Замолкаю и закуриваю, ожидая, пока Денева уйдет.

— А мне можно закурить? — вдруг спрашивает она.

— А почему бы и нет. — Я подаю ей пачку «Слънца». Дора закуривает, искоса смотрит на меня и произносит своим, безучастным голосом:

— Извините, иногда на меня находит… Поскольку я молчу, она продолжает:

— Я подумала, вы можете что—то рассказать Марину.
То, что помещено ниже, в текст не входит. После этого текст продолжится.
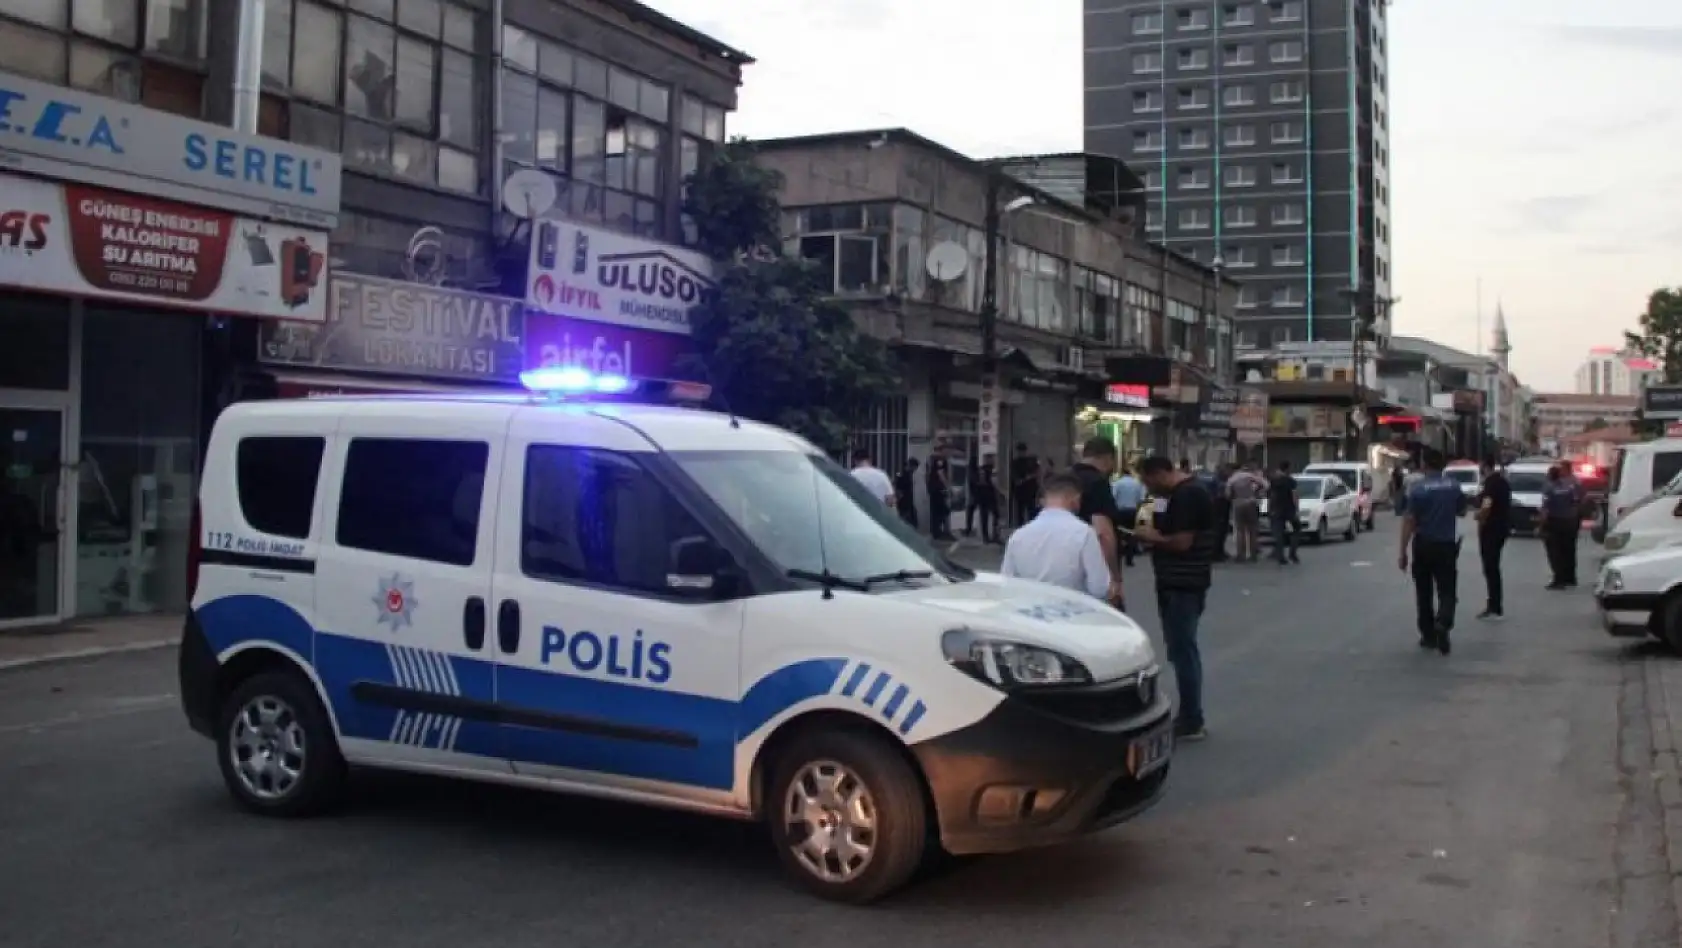 Kayseri'de polis memurunun şehit olduğu olayla ilgili 8 sanık...

И просто содрогнулась при этой мысли, потому что Марин — единственная преграда, отделяющая меня от прошлого. И если я еще живу, то только ради него.

Свой рассказ Дора сопровождает резкими движениями руки, в которой зажата сигарета. Впечатление такое, будто она чертит короткие отвесные и горизонтальные линии. Я вспомнил подергивающиеся губы Моньо. У нее тоже своеобразный тик, вероятно, на нервной почве, но не столь неприятный, как у Моньо. Потом рука застывает, голос обрывается, и я думаю о моменте, когда Дора расплачется. Но, к счастью, такие не плачут. Она замолкает.